So I decided on the target of 300dpi on printing and a 5"x7" size for
most of the slides. I will scan at the calculated resolution; I figure
a scan resolution of 1700 that would result in a 10meg files.
I'm still fighting with figures ;-) dpi, pixels, screen, print, in
scanning even mixing that with figures related to my Canon A70.
(megapixels)
The image from the camera is exactly the same thing, in that its image is
also dimensioned in pixels. Your camera menu likely has choices of
creating a few different image sizes (pixels), like full size, 1/2 size, 1/4
size, etc. The scanner also creates images dimensioned in pixels, and its
scan resolution (and size of scanned original) is the menu that determines
the image size. Scan 3 inches at 300 dpi, and you will create 900 pixels.
But after you have either one of these images dimensioned in pixels, then
it's the same thing, regarding use of that image.
Printing the 5 inch width (in the 5x7 inch goal) at say 300 dpi on paper
implies the need for 1500 pixels in that dimension (in whatever way these
might be created). Creating 1500 pixels by scanning say 0.9 inches of 35 mm
film width implies 1500/0.9 = 1667 dpi scanning resolution. Which is
precisely correct (ignoring any cropping issues). This method does of course
work, and it will likely appear as a fine result, good enough.
Specifically, this is exactly what your scanner software does where you
specify to scan at 300 dpi at say 555% scale... it scans at 300x5.55 = 1667
dpi to create sufficient pixels, and outputs this image scaled to print 300
dpi 555% size (the 5x7 inches), which is what you asked it to do. This
little calculator is very convenient.
However there are other considerations too, which some people like to worry
about. One of those is the belief that the scanner can do best when
scanning at integer divisions of its maximum optical rating (in the same way
the camera offers its size choics). For a 3200 dpi scanner, that would be
3200 dpi, 1600 dpi, 1067 dpi, 800 dpi, etc. The scanner only has the 3200
dpi sensor, and so must resample this 3200 dpi horizontal scan line to
create any smaller value, and the integer divisions are an easier resampling
job, which comes out best. Some scanners offer ONLY those integer division
choices for this reason.
So if you scanned this case at 1600 dpi (3200/2), then print the five inches
at (1600 dpi x 0.9 inches) = 1440 pixels, divided by 5 inches is 288 dpi
printed on paper at 5 inch size. And 288 dpi is plenty, it will be fine.
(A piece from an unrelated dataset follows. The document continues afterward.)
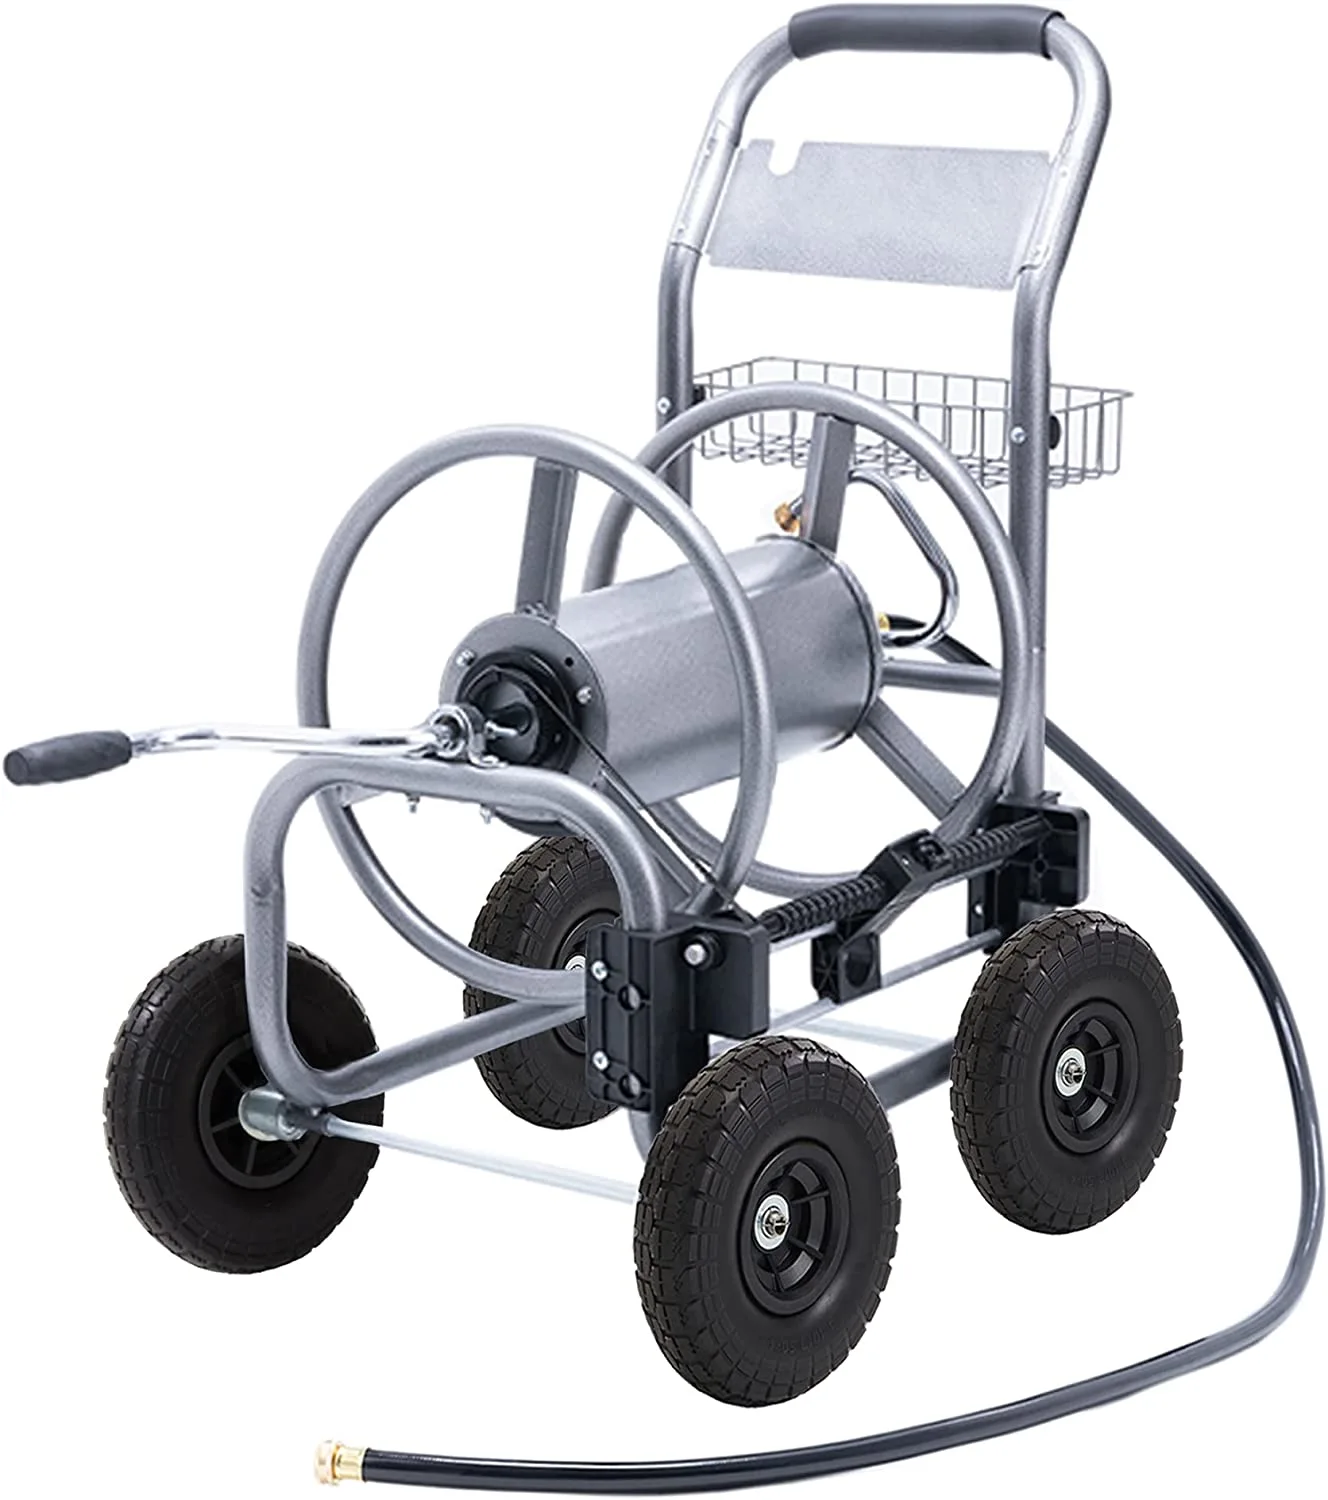 Hose Reel Cart, Hose Reel Cart with Wheels Heavy Duty, Industrial Hose Reels for Outside, 250-Feet of 5/8

We only need to get near the ballpark of 300 dpi, there is no significance
of 300.000 dpi. We might debate if we can even detect the difference in
plus or minus 30%, but it really wont be any big deal. Normally when you get
to half, it may become apparent.
That often works plenty well enough, and it is often convenient. However
this method sometimes leaves some uncomfortable situations when we cannot
get near enough to the 300 dpi goal (however we may decide it). For example,
scanning at the next higher integer division might come out too high above
300 dpi for our case.
Choices then are still a few:
1. ignore it, and print the larger image anyway, at say 462 dpi. You will
hear a few say their inkjet does best at these large values, but I have
never been able to detect that myself. I cant even imagine it. So I aim for
300 dpi as a reasonable target value for photo quality. It is a comfortable
value (I'm speaking of color, not line art). Anyway, the number is your
choice, whatever you believe that you can see.
2. Scan large and resample the image smaller (to appropriate size, the 1500
pixels) in a photo editor. The photo editor is generally better at this
resample than the scanner (more resources, cpu, memory, software algorithm,
time to do it, etc). A bit of USM sharpening works great after this
resample.
3. Revert back to the first way, scanning at value like 1667 dpi anyway.
It is pretty much personal opinion at this point.
There are two main schools of thought,
A) if I can't see it anyway, pick the convenient way, and
B) I could care less if I can never see it, I want to fight to maximize
every little detail in the most tedious way.
Fortunately, I am very unbiased in this

Actually, I do feel I work
towards a middle ground about it, and do go for those results that I can
actually see. I probably do 2, and sometimes 3, but very rarely 1.